Picray v. Secretary of State

*606ARMSTRONG, J.,

concurring.

The majority and the dissent divide over whether ORS 260.695(4) is a law that implements the requirement in Article II, section 8, of the Oregon Constitution that the legislature enact laws to secure free and fair elections. Although I agree with the majority that ORS 260.695(4) is not a law that implements that requirement, I believe that this case can be resolved more simply by recognizing that Article II, section 8, has no bearing on the constitutionality of that law.

The legislature has plenary power to enact laws. That means that it can enact any law that it wants as long as the law does not violate a prohibition in the state or federal constitution against its enactment. Consequently, there is no reason to give the legislature specific authority to enact laws regulating the conduct of elections, as respondent contends Article II, section 8, does, because the legislature already has the power to do that.

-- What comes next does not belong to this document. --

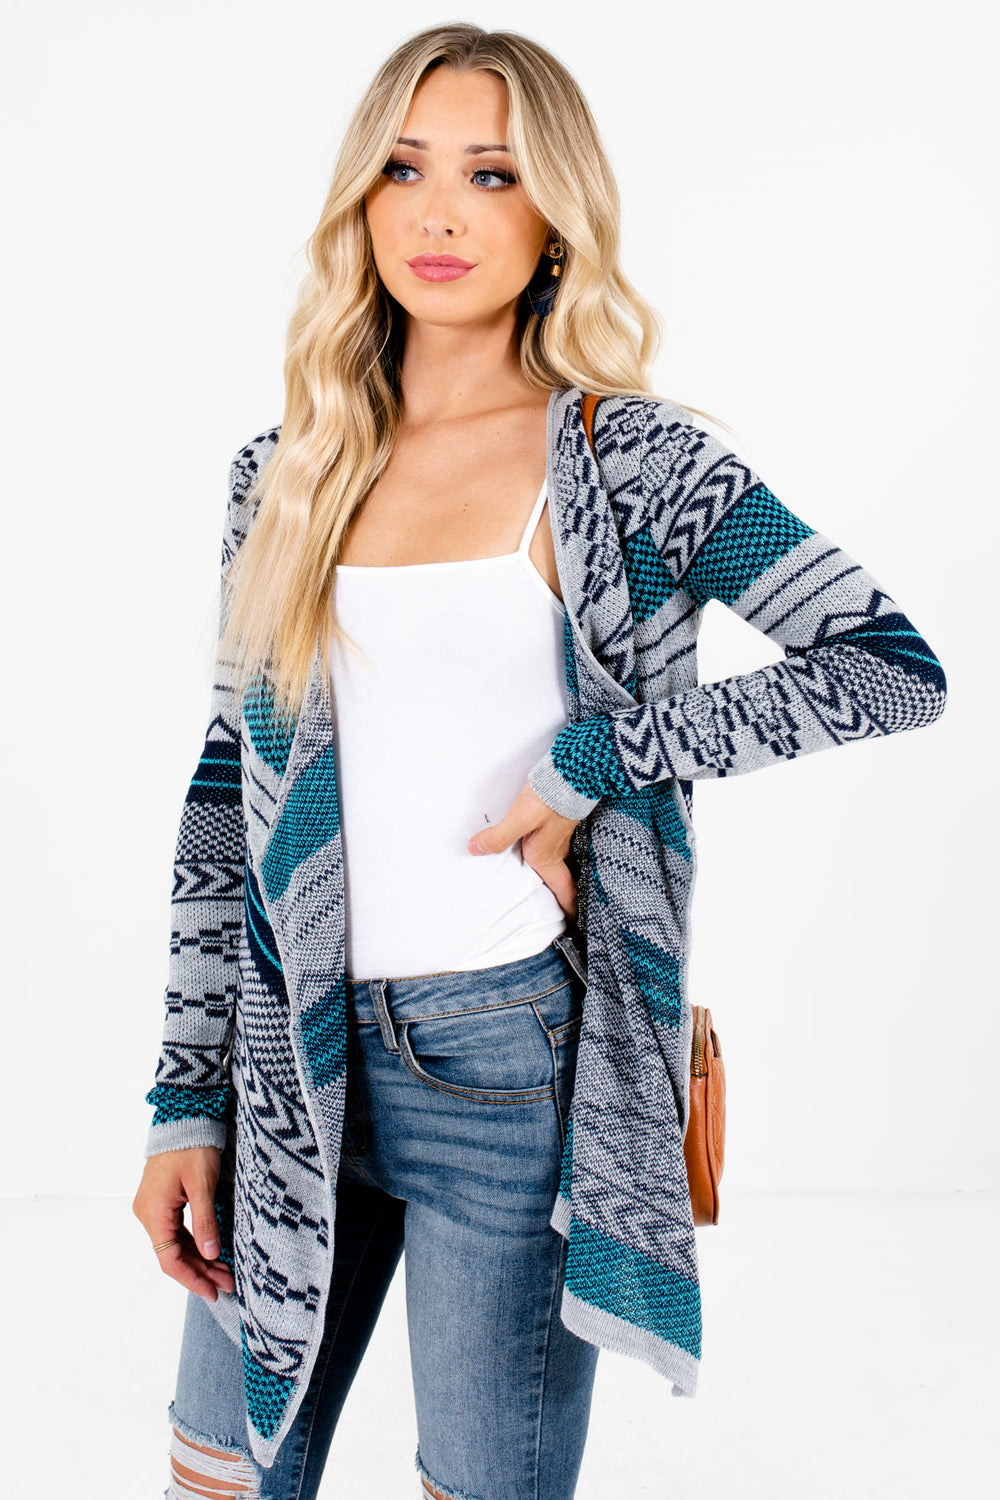 You're The One Blue Patterned Cardigan | Boutique Cardigan - Bella Ella ...

Properly understood, Article II, section 8, and comparable provisions, such as the requirement in Article VIII, section 3, that the legislature establish “a uniform, and general system of Common schools,” impose obligations on state government. They require the legislature to do certain things, which is why they are in the constitution. They do not give the legislature any greater authority to do the things that they command, however, because the legislature’s plenary authority already gives the legislature all of the power that it needs to do that.

Because Article II, section 8, and comparable provisions are not a source of authority beyond the plenary authority the legislature already has to act, there is no occasion to balance those provisions against the limitations on government found elsewhere in the constitution to determine which commands on government must be obeyed. They all are expected to be obeyed according to their terms.

If the constitution were understood to work the way respondent contends it does, it would require the legislature to weigh competing constitutional commands in order to determine which are more important, without any intellegible standard by which to make that judgment. Assume, for *607example, that the legislature concluded that the state could not afford to fund an adequate system of common schools for all children in the state, but that it could afford to fund a system for half the children. Could it enact a law that excludes all boys from public school, notwithstanding the command in Article I, section 20, that no law be passed granting privileges to one class of citizens that are not granted to others on equal terms, on the ground that one obligation is more important than the other?

If it did, how would a court evaluate that choice in a case challenging the law, and on what kind of record. Fundamentally, there is no coherent way for us to balance one constitutional obligation against the other except by making our own policy choice about which obligation is more important, or by deferring, as the dissent suggests we should in this case, to the legislature’s policy choice. Nothing suggests that the constitution was intended to impose on the legislature or us the obligation to make choices of that kind, because nothing suggests that the relevant constitutional provisions add anything to the legislature’s plenary authority to enact laws.1

In summary, the issue in this case is whether ORS 260.695(4) violates Article I, section 8. For the reasons stated by the majority, it does. Article II, section 8, adds nothing relevant to the analysis.

See generally Hans A. Linde, Fair Trials and Press Freedom — Two Rights Against the State, 13 Will LJ 211, 214-18 (1977) (state constitutional obligation to conduct fair criminal trials is not a source of authority to restrict free speech rights guaranteed by the state constitution). For example, the commands in Article I, section 8, and Article II, section 8, both impose requirements on the government. The legislature is obliged to comply with both, not use one to evade the other.